8. Database Security:

These days security is a hot topic.   A DBA should fully understand the different aspects of how to secure access to SQL Server databases.  They should understand the difference between Windows authentication and SQL Server authentication, and when you should use one over the other.  They should understand the difference between a SQL Server login and a database user.   They should understand how to use SQL Server and database roles to help manage security profiles for different types of users.   They should understand port and protocols for connecting to SQL Server.  Additionally they should understand how to encrypt a whole database, or just a column in the table, within a database, as well as understanding the issue around encrypting data.

9. Database Design:

One of the keys to a database performing well is the database design.  A DBA needs to understand the different aspects of database design.  They need to be able to understand the differences between a good design and a poor design.  They need to understand how foreign key constraints, primary keys, check constraints and using data types can help maintain the data integrity of a database and help with retrieving and updating data efficiently.

10. Index Design:

Indexing a database is a key aspect to allow the application to retrieve and update data quickly.  A DBA needs to know how indexes work.  They should know the difference between a clustered and non-clustered index, and how these indexes are physically stored.  A DBA should know how this indexes are used within executing plans.  They should understand how to find index usage statistics, and understand index fragmentation, as well as how to identify missing indexes.  They should know how to maintain indexes, and how important index statistics are to the query engine in SQL Server.

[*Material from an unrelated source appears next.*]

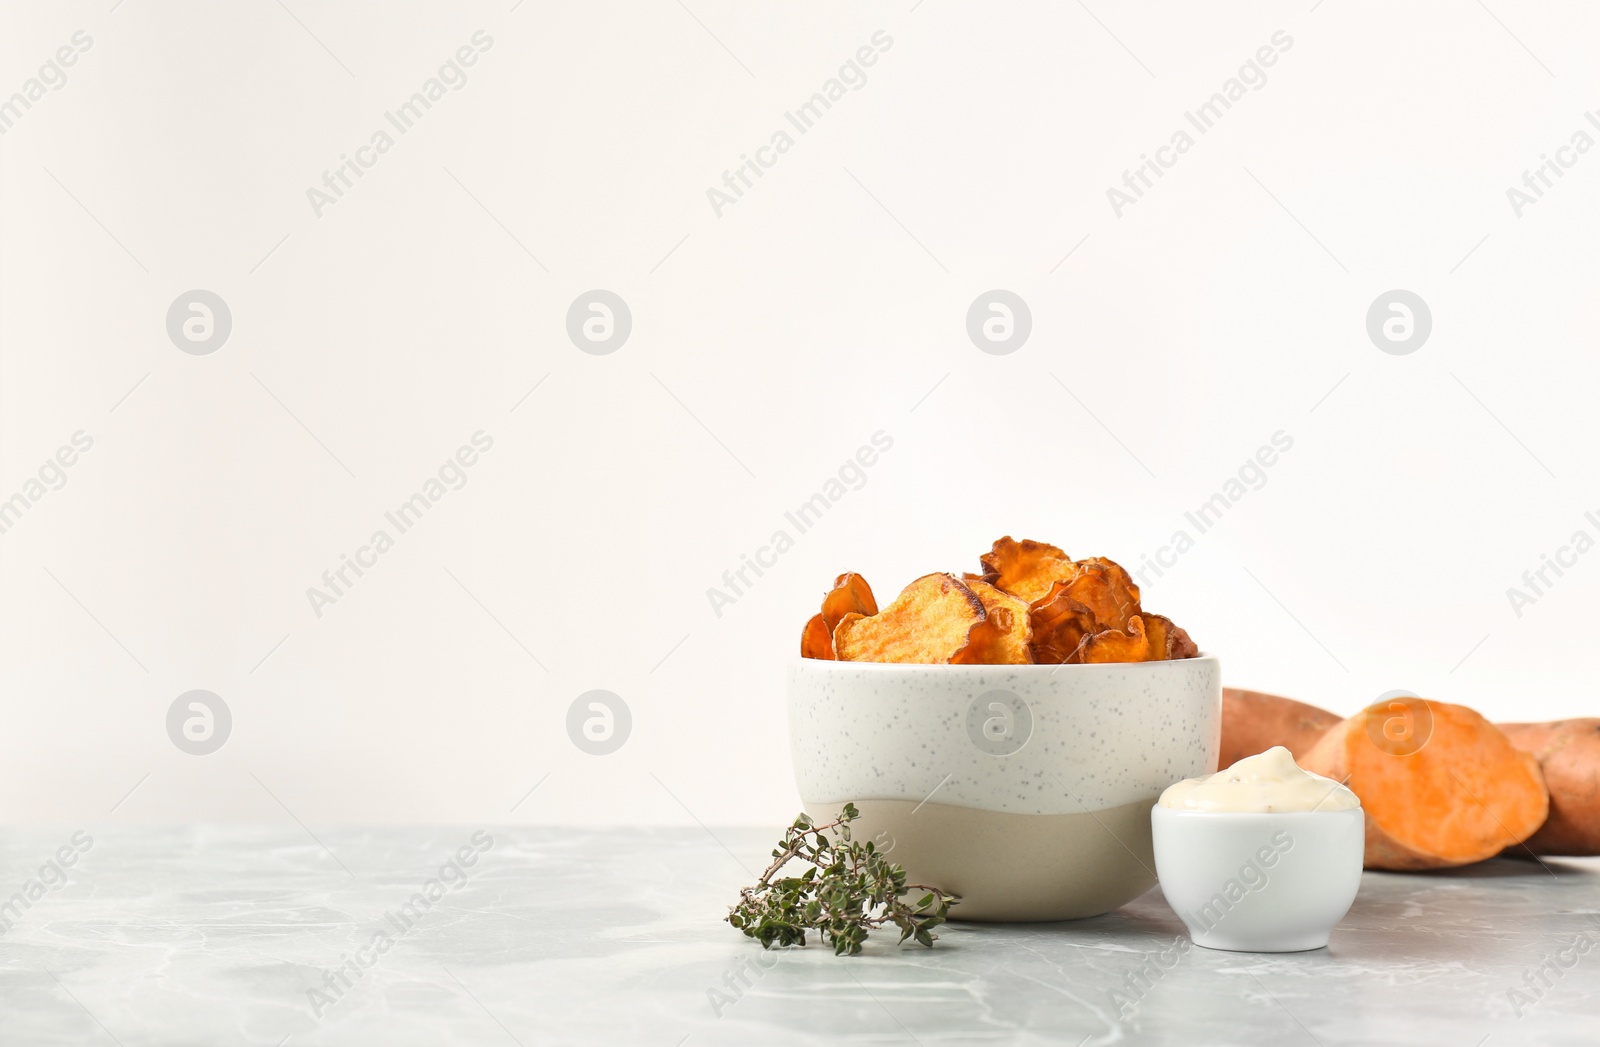 Photo of Bowl of sweet potato chips with sauce and herbs on table against white background. Space for text

11. Capacity Monitoring and Planning:

SQL Server uses lots of different resources; CPU, Memory, I/O as well as disk space.  A DBA should understand how to monitor the usage of the different machine resources that SQL Server requires.  They should be able to understand how these resources are used over time, and use these historical usage numbers to plan for future capacity needs.   As part of this monitoring effort they should be able to predict when capacity will be a problem in the future and then take the necessary proactive steps to ensure there are no database outages due to capacity limitations. 

12. SQL Server Licensing

There are a number of different ways SQL Server can be licensed.  Additionally there are a number of different editions of SQL Server.  A DBA should understand the different licensing modes that are available for each edition of SQL Server.  They should be able to provide guidance on how to license SQL Server to minimize the total cost of ownership for SQL Server today, as well as how to leverage licensing options to minimize upgrade costs for future releases.

13. Automates Everything

There are many routine tasks a DBA should perform.  Some of these tasks are daily tasks, while others are weekly, monthly, or yearly tasks.  A good DBA will understand the need to leverage their time efficiently.  One way to do that is to build processes to automate some of these routine tasks.  By automating the routine tasks a DBA will have more time to focus on the one off issues that arise in managing a SQL Server environment.

How Many of these Traits do You Have?

Keep in mind this is not a complete list of traits, but only my view on those important traits a DBA should have.  How many of these traits do you have?  The more of these traits you have and excel at the more senior a DBA you are.  The key to being a successful DBA is working toward understanding as many aspects as possible related to how to manage and maintain a SQL Server environment, and to never stop learning.